El gobierno venezolano denunció la agresión como un acto de guerra y una violación flagrante de la Carta de las Naciones Unidas. Desde Caracas, autoridades confirmaron que desconocían inicialmente el paradero del mandatario secuestrado y exigieron pruebas de vida, mientras las fuerzas armadas se declaraban en estado de alerta y llamaban a la población a mantener la calma ante una escalada que amenaza con desestabilizar a toda la región.

La captura de Maduro fue presentada por Washington como un trofeo político. El mandatario venezolano y su esposa fueron exhibidos esposados tras su llegada a territorio estadounidense, en una escena que profundizó las críticas internacionales por el carácter extraterritorial e ilegal del procedimiento. Incluso se informó que el traslado incluyó una escala en la base de Guantánamo, símbolo histórico de detenciones arbitrarias y violaciones a los derechos humanos.

Trump justificó la ofensiva bajo el argumento de combatir el narcotráfico y anunció cargos por narcoterrorismo contra Maduro, pese a la falta de competencia legal de la justicia estadounidense sobre un jefe de Estado extranjero.

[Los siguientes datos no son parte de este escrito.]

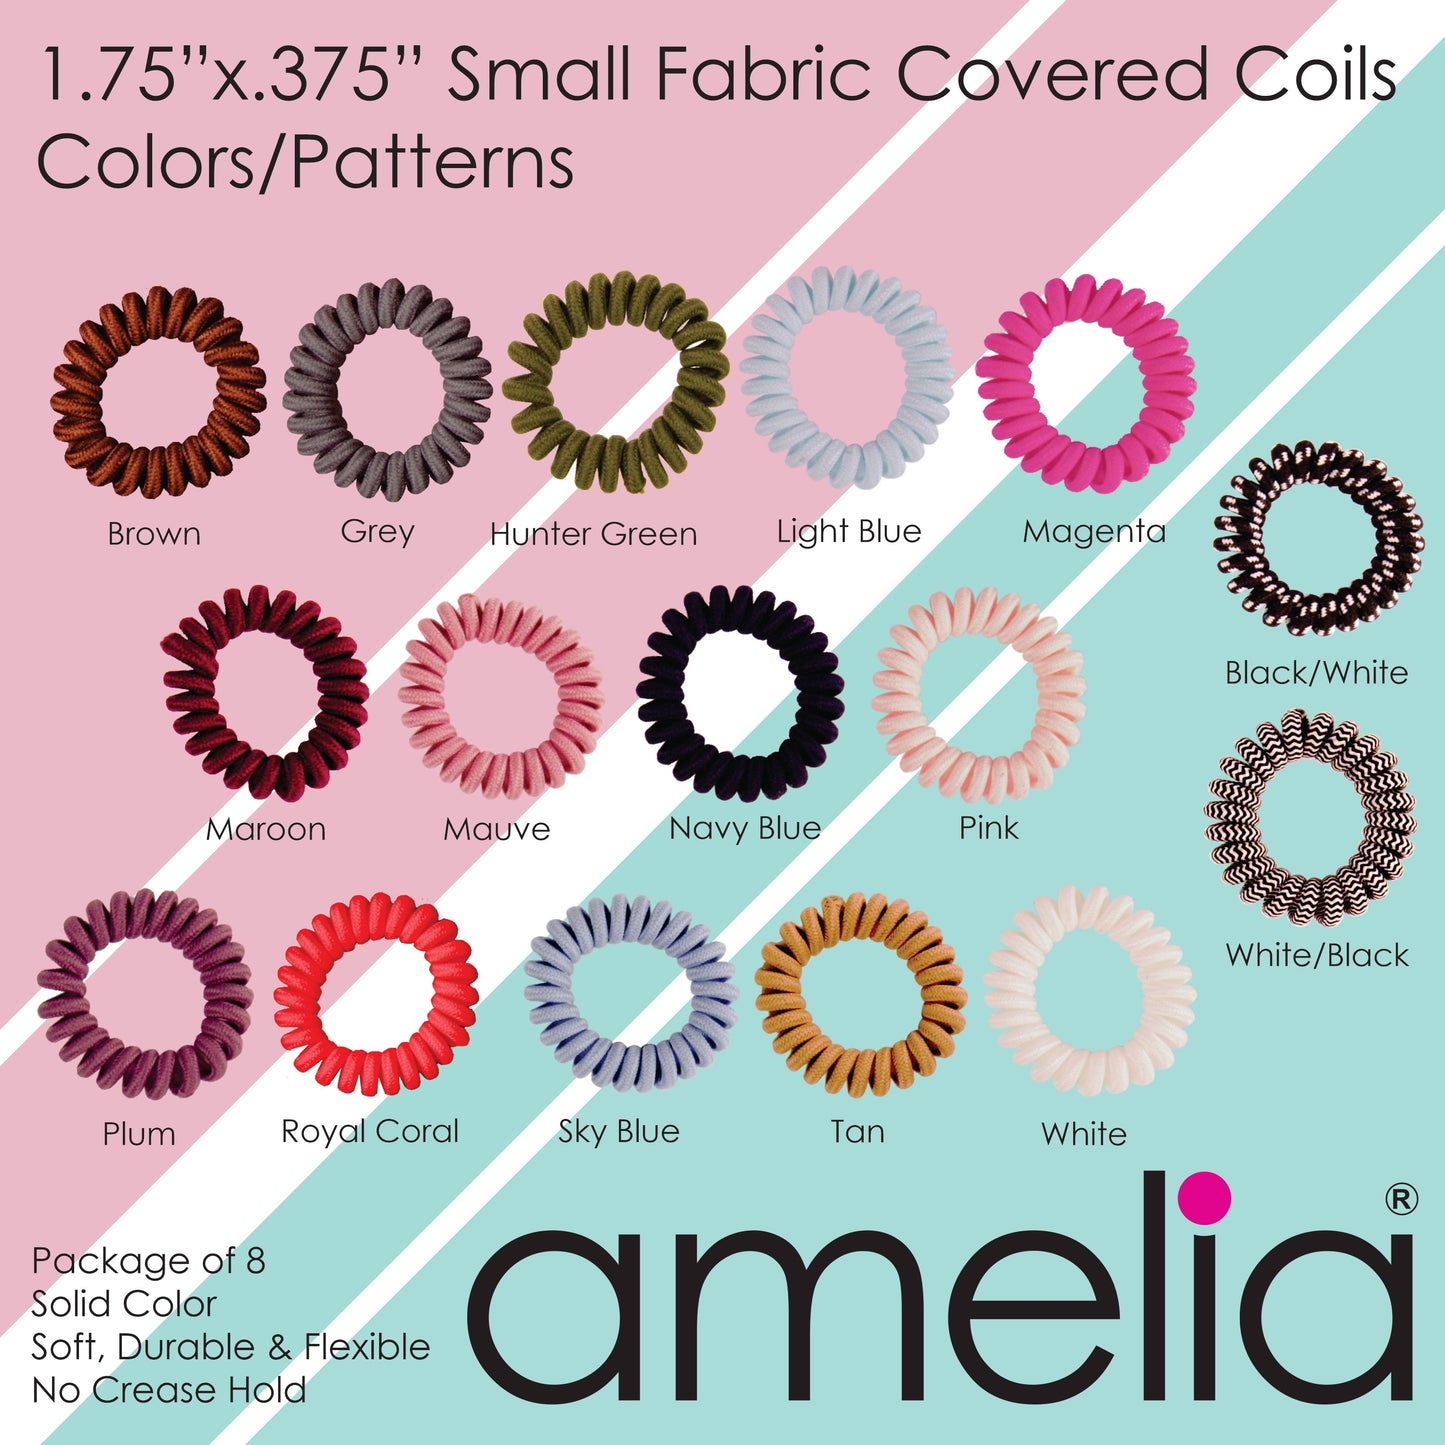 Amelia Beauty, 8 Small Fabric Wrapped Elastic Hair Coils, 1.75in Diameter Spiral Hair Ties, Gentle on Hair, Strong Hold and Minimizes Dents and Creases, Mauve
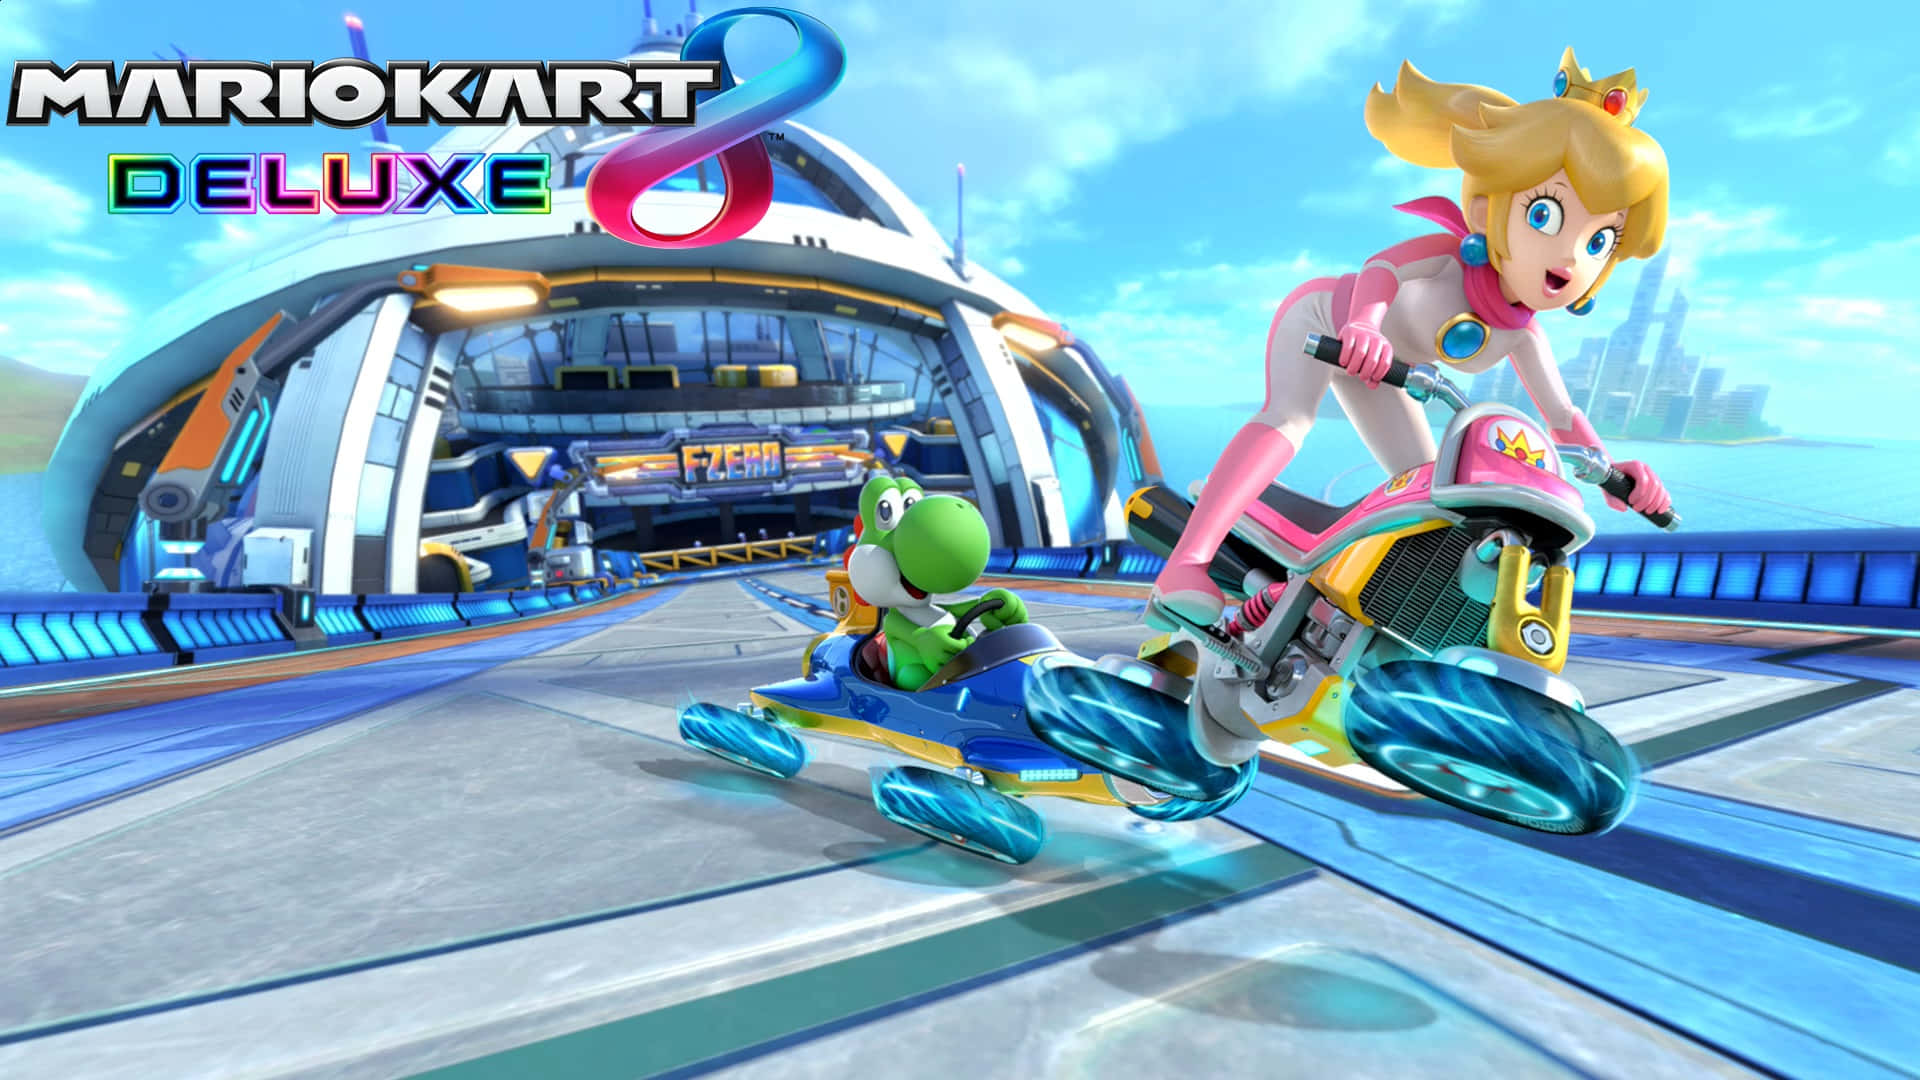 Thrilling Mario Kart 8 Deluxe Race with Iconic Characters Wallpaper

La decisión contrastó con la tolerancia de Washington hacia otros líderes acusados de crímenes de guerra, evidenciando un doble estándar que alimentó el repudio global.

La mayoría de los gobiernos de América Latina condenó el ataque y advirtió sobre el peligroso precedente que sienta la intervención directa de Estados Unidos. Países vecinos cerraron fronteras y potencias como China y Rusia cuestionaron la acción militar, mientras organismos internacionales recibieron denuncias formales por la violación de la soberanía venezolana.

Desde Caracas, la vicepresidenta Delcy Rodríguez afirmó que el país no aceptará volver a ser colonia y ratificó la continuidad institucional, al tiempo que dejó abierta la vía diplomática pese a la agresión. El mensaje buscó mostrar que, aunque el gobierno fue golpeado en su cúpula, el control territorial y el respaldo popular siguen en pie.

El ataque y el secuestro del presidente venezolano marcaron un punto de quiebre para la región. Más allá del destino judicial de Maduro, el episodio reinstala una lógica de fuerza que parecía superada y deja a América Latina frente a un escenario de máxima incertidumbre, atravesado por la disputa por recursos estratégicos y el regreso explícito de prácticas imperialistas en pleno siglo XXI.